Connecticut teenager Justina Pelletier spent 16 months and two birthdays in state custody as the central but largely off-stage player in an explosive drama involving parents’ rights and the controversial new field of medical child abuse. Now she is going home.

On Wednesday, the 16-year-old girl is expected to return to her parents’ custody and the family’s home in West Hartford, Conn., following a ruling by the same Massachusetts juvenile court judge who originally removed her from her parents’ care.

“I’m so happy. I’m so excited, oh, my gosh,” Justina said in an interview. “It’s such big news.”

In a two-page order issued Tuesday, Judge Joseph Johnston dismissed the child-protection case against Justina’s parents, Linda and Lou Pelletier, arguing that they and others had shown “credible evidence that circumstances have changed” since his decision to place Justina in the custody of the Massachusetts Department of Children and Families.

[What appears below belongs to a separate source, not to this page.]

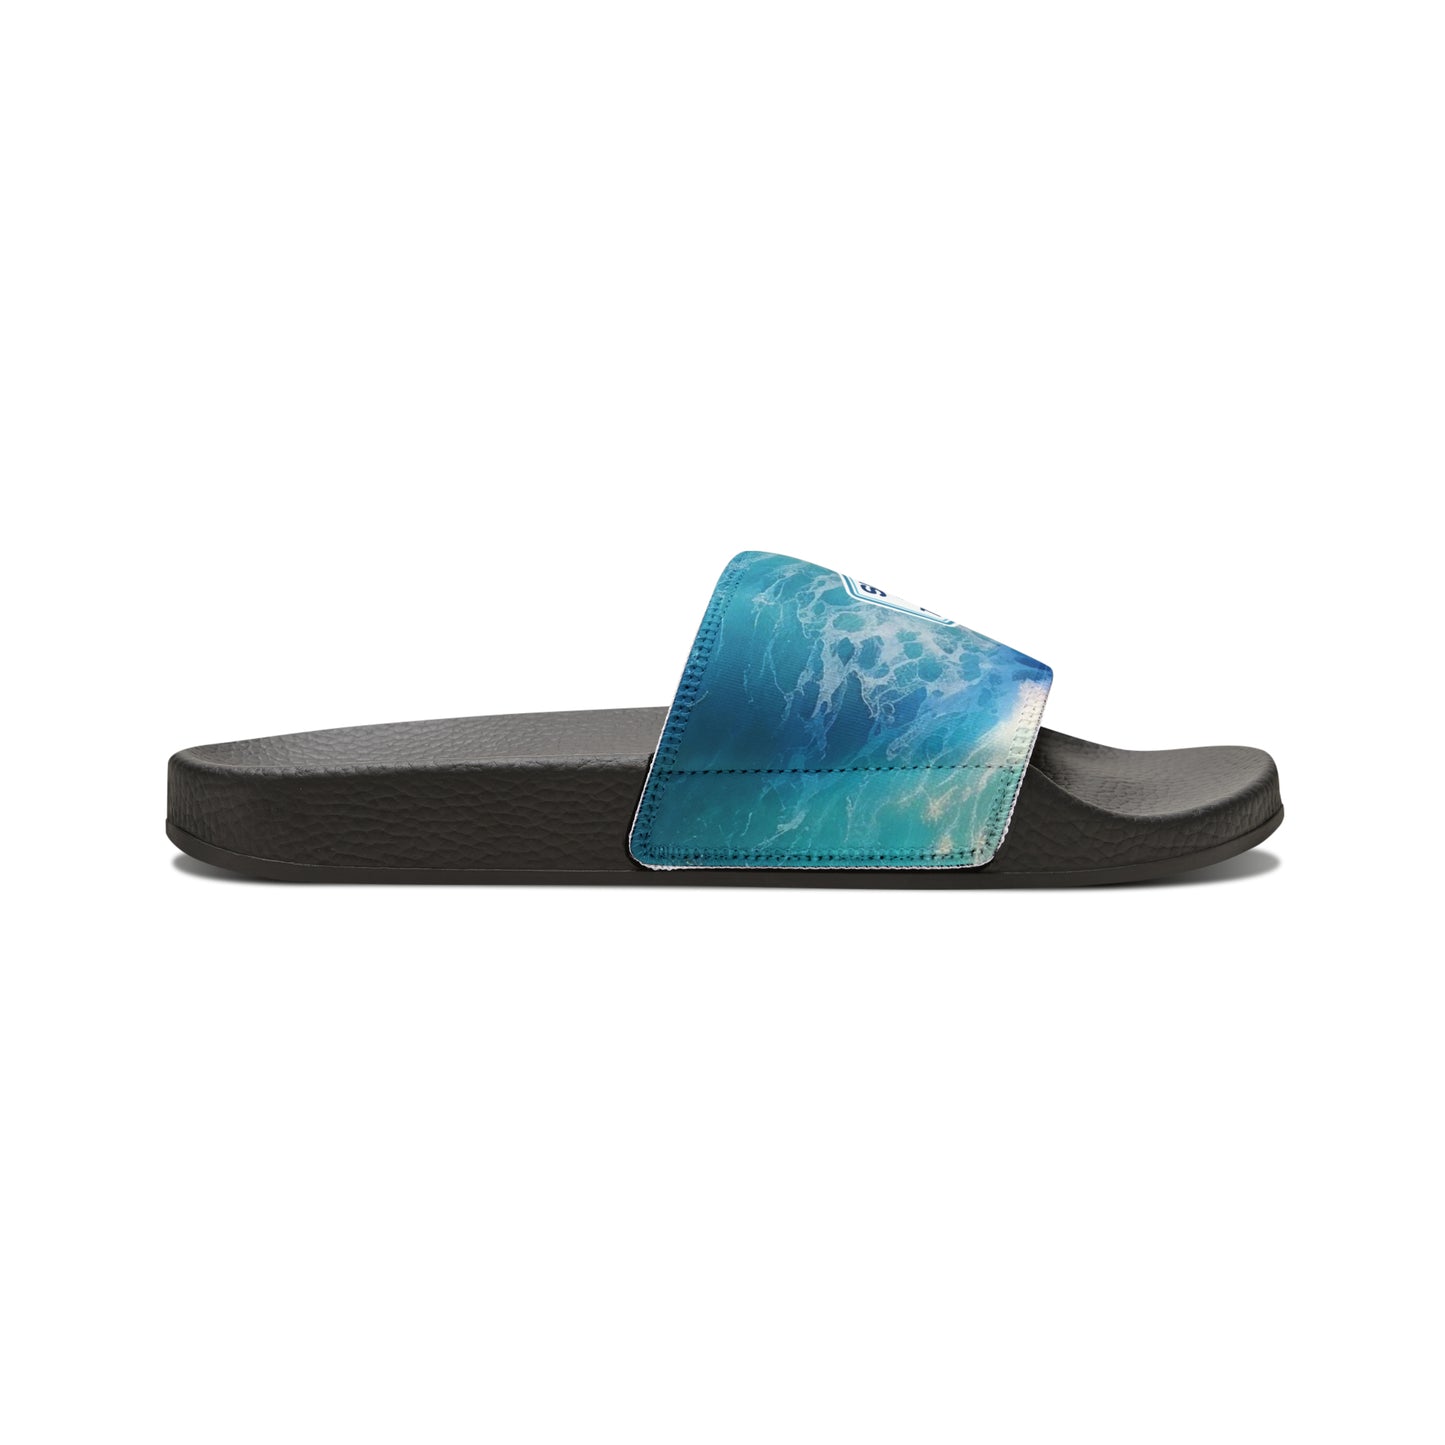 "Surf Club Tortola" Women's Slide Sandals

He also wrote that in the month since Justina was moved to a residential facility in Thompson, Conn., her parents “have been cooperative and engaged in services,” including individual therapy for Justina and family therapy.

It was a remarkable change in tone from the judge’s ruling just three months earlier, when he determined the parents were unfit and awarded permanent custody to the state. At that time, he blasted the Pelletiers for behavior he contended was erratic and had doomed numerous attempts at compromise.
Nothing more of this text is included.